CDP’s success lies in the dedicated staff working for the project, not only in the small management office, but also in the practical areas of the projects. There is an understanding of true collaboration, and the standards and guidelines devised have ensured that all projects play an equal role. The CDP has used the project management structure to achieve usable minimum standards which projects can apply to their imaging while remaining viable in the union catalog. The DPL imaging lab, which was visited in order to see an actual project in operation, is both large and impressive with superb equipment and staff. Interestingly, they all agree that the best digitizers are photographers and not IT specialists. This is logical, for while the processes may be on computer, the knowledge of color and tone are that of a trained photographer.

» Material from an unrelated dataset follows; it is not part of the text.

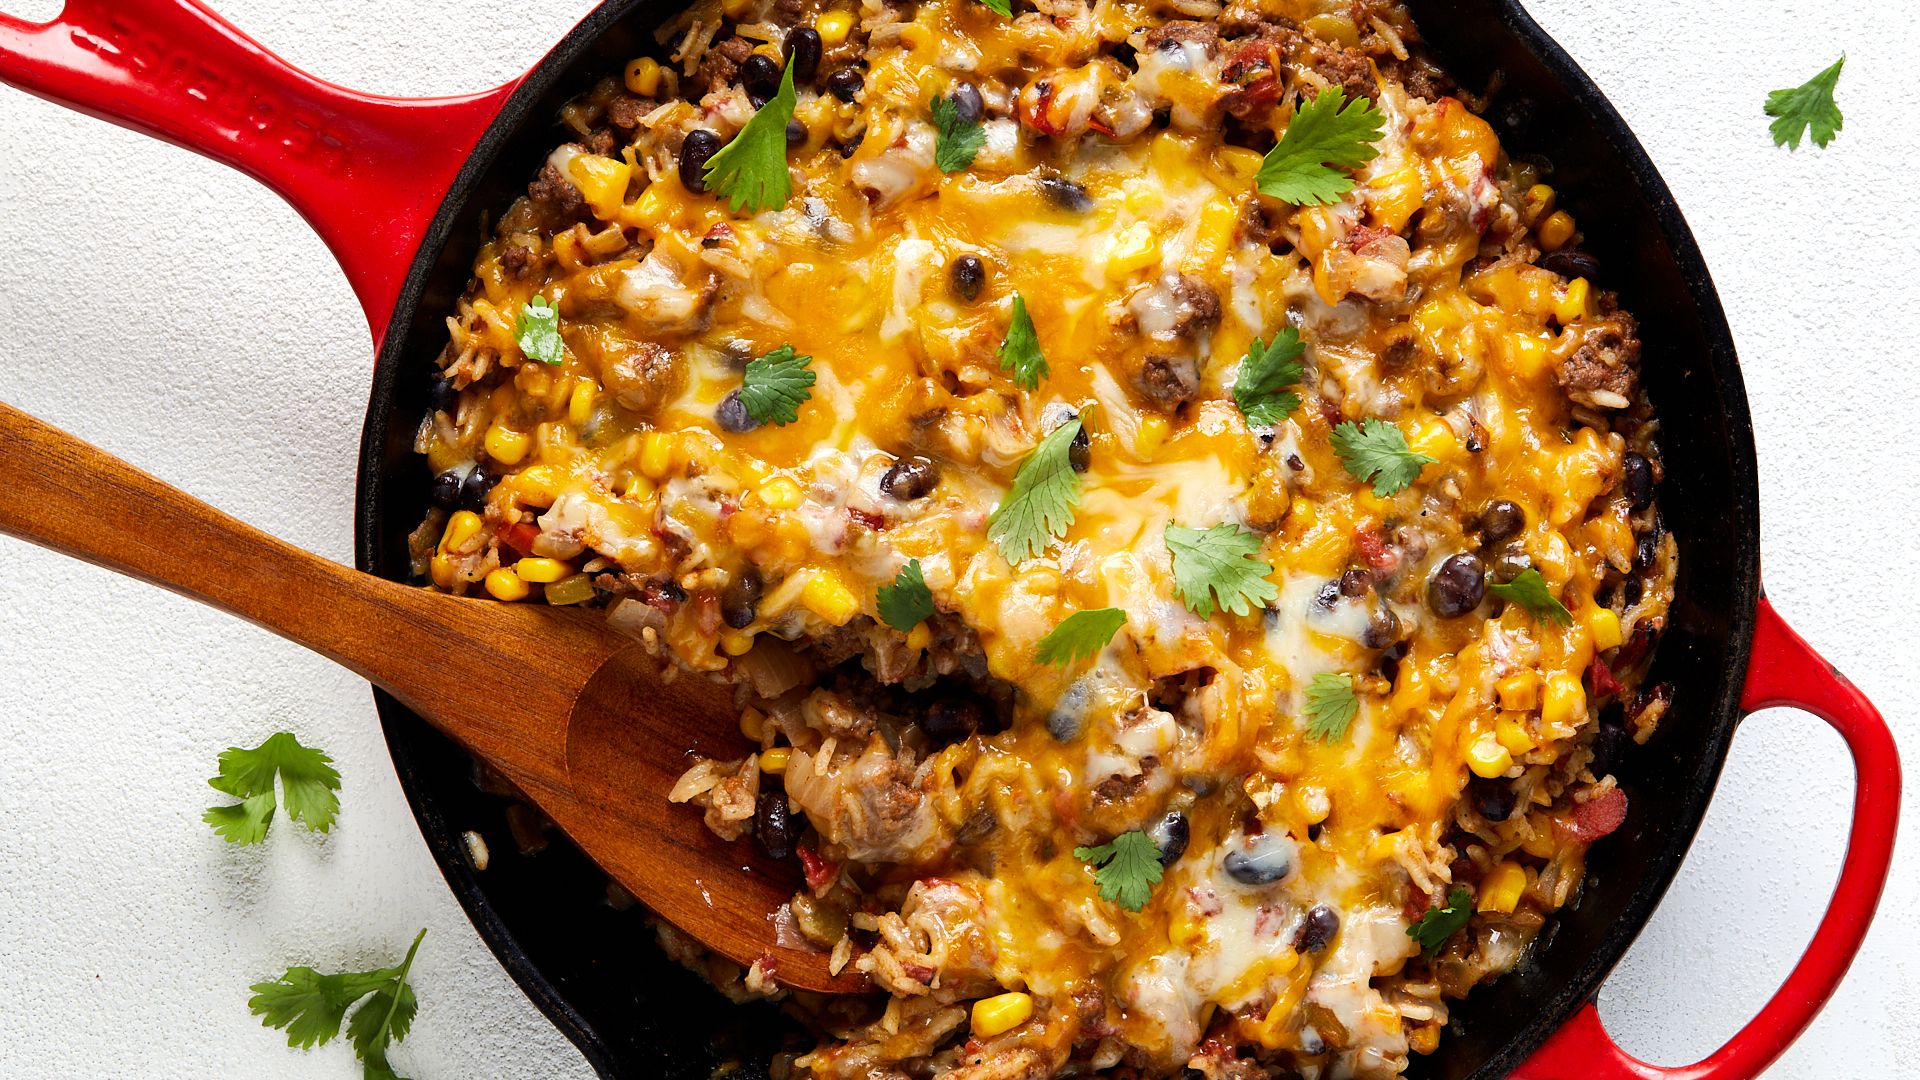 https://hips.hearstapps.com/hmg-prod/images/mexican-beef-n-rice-skillet1-1665593962.jpg?crop=1xw:0.84375xh;center,top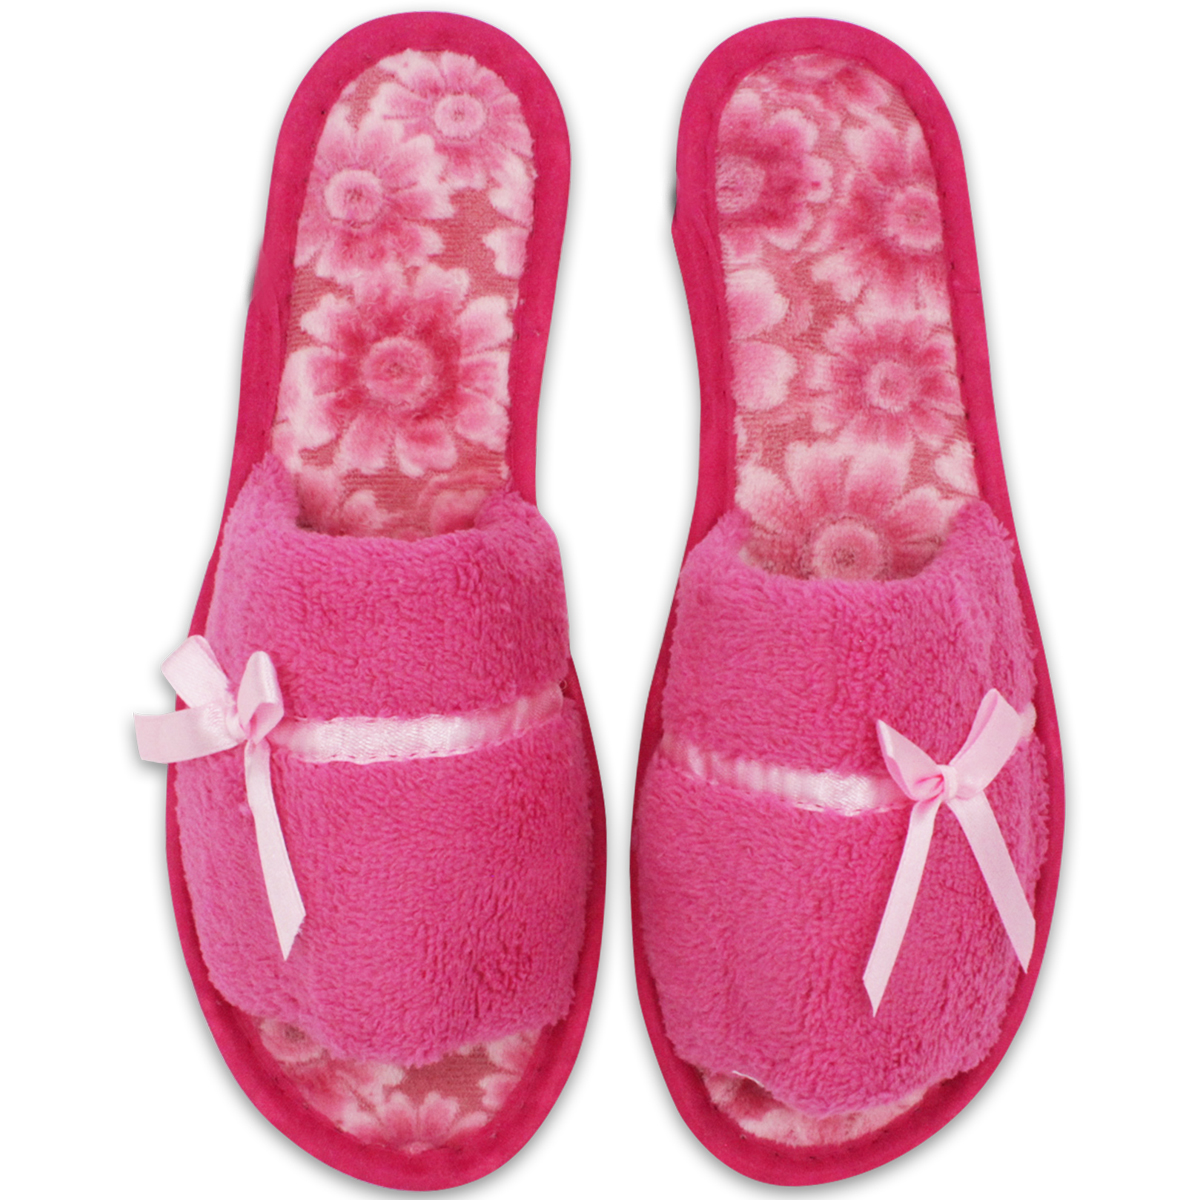 terry cloth house slippers

The committee structure is ideally placed to represent the views of the partners and to develop the guidelines for the CDP as a whole. Training for all is an essential part of the collaborative as well as the practical side of the Project. Flexibility in the union catalog and the format of finding aids have ensured that all the projects’ digital objects are available to all. There are some important lessons to be learned in collaboration from this project, perhaps the main one being that it takes a separate project management team to consolidate and co-ordinate that collaboration.